Executables are written to `bin/`.

## Run
Example (SPARe):

```sh
mkdir -p logs
./bin/SPARe_test --steps=100 \
  --ckpt=5 \
  --fail-dist=exponential \
  --exp-rate=0.005 \
  --recover=10 \
  --workers=9 \
  --compute-jitter=0.1 \
  --replicate_level=3 \
  2>&1 | tee logs/SPARe.log
```

## Parameters
Common to DP/DPR/SPARe:
- `--steps=INT`: total training steps.
- `--ckpt=INT`: checkpoint interval (steps).
- `--compute=FLOPS`: forward/backward compute cost.
- `--control=FLOPS`: control-phase compute cost.
- `--model=BYTES`: checkpoint size.
- `--grad=BYTES`: gradient size for allreduce.
- `--allreduce-fail-scale=FLOAT`: scale factor for allreduce size when a failure happens before/during allreduce.
- `--data=BYTES`: per-step data read size.
- `--cpu-scale=FLOAT`: global CPU scale factor.
- `--fail-prob=FLOAT`: Bernoulli failure probability.
- `--fail-dist=STR`: `bernoulli`, `exponential`, or `weibull`.
- `--exp-rate=FLOAT`: exponential rate (lambda).
- `--weibull-shape=FLOAT`: Weibull shape (k).
- `--weibull-scale=FLOAT`: Weibull scale (lambda).
- `--recover=FLOAT`: full system recovery time (seconds).
- `--workers=INT`: number of workers to launch.
- `--compute-jitter=FLOAT`: per-step compute jitter (stddev).
- `--seed=UINT`: RNG seed (0 uses wall-clock time).
- `--platform=STRING`: platform path (.xml, see [Platform Generation](#platform-generation)).

DPR/SPARe only:
- `--decision=FLOPS`: controller decision compute cost.
- `--partial-recover-time=FLOAT`: partial recovery time (seconds).
- `--replicate_level=INT`: replication level (>=1).

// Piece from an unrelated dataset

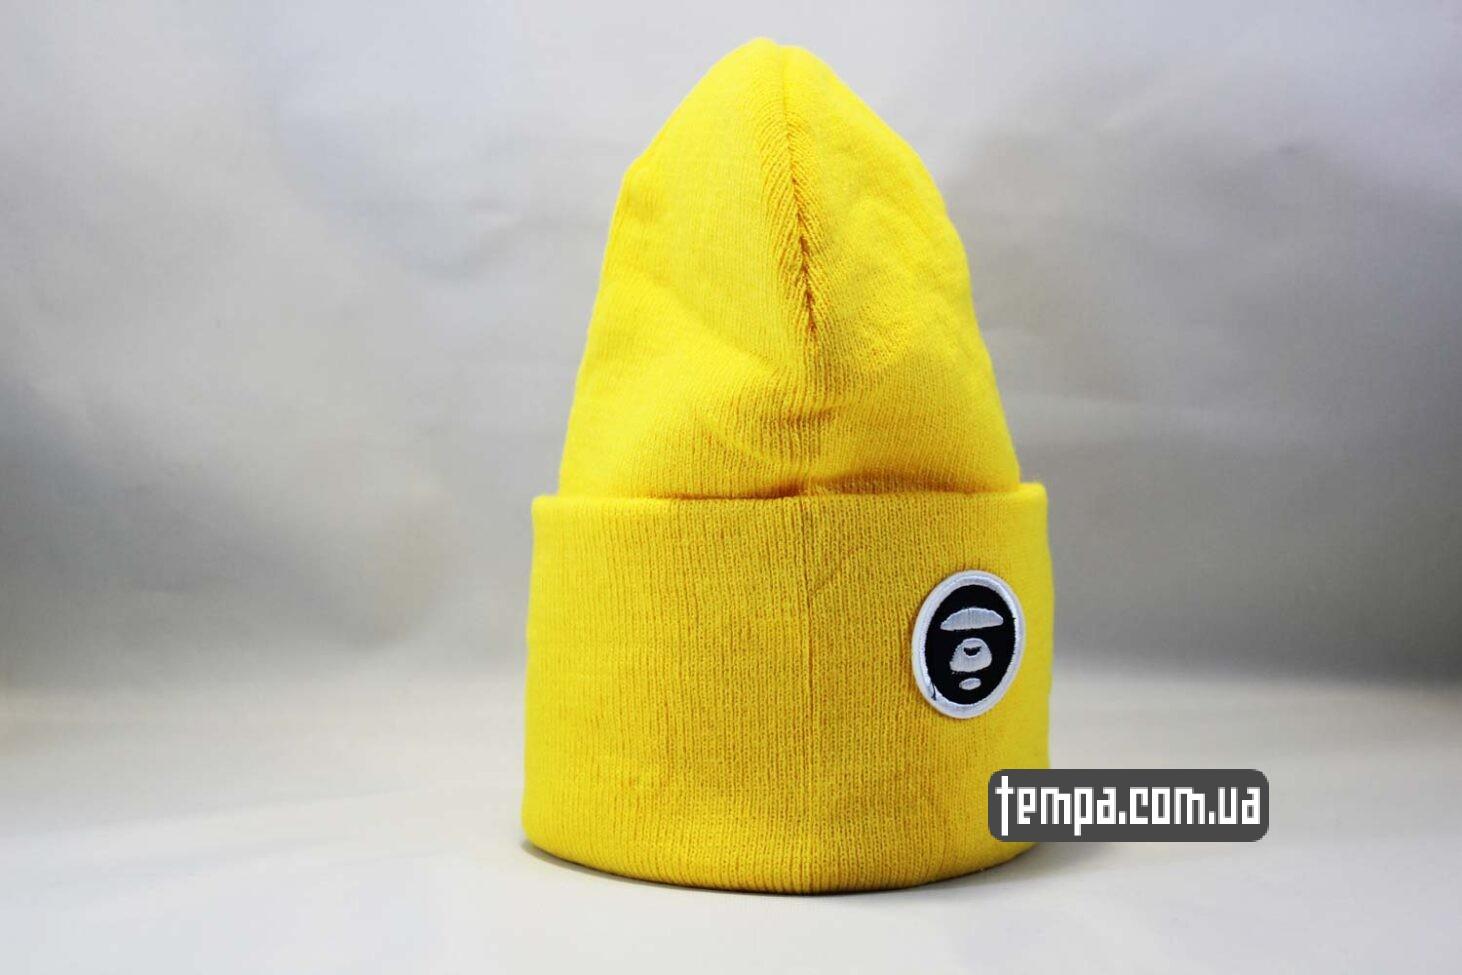 купить оригинал эйп шапка beanie Aape желтая Украина Купить

## Constraints (DPR/SPARe)
- `replicate_level < 29`.
- `WORLD_SIZE > 2 * RULER_TABLE[replicate_level - 1].back() - 1`.

## Logging
- Logs are emitted after each simulated event completes (compute, I/O, communication, control).
- SPARe logs include stack depth, controller phase decisions, and resequencing changes.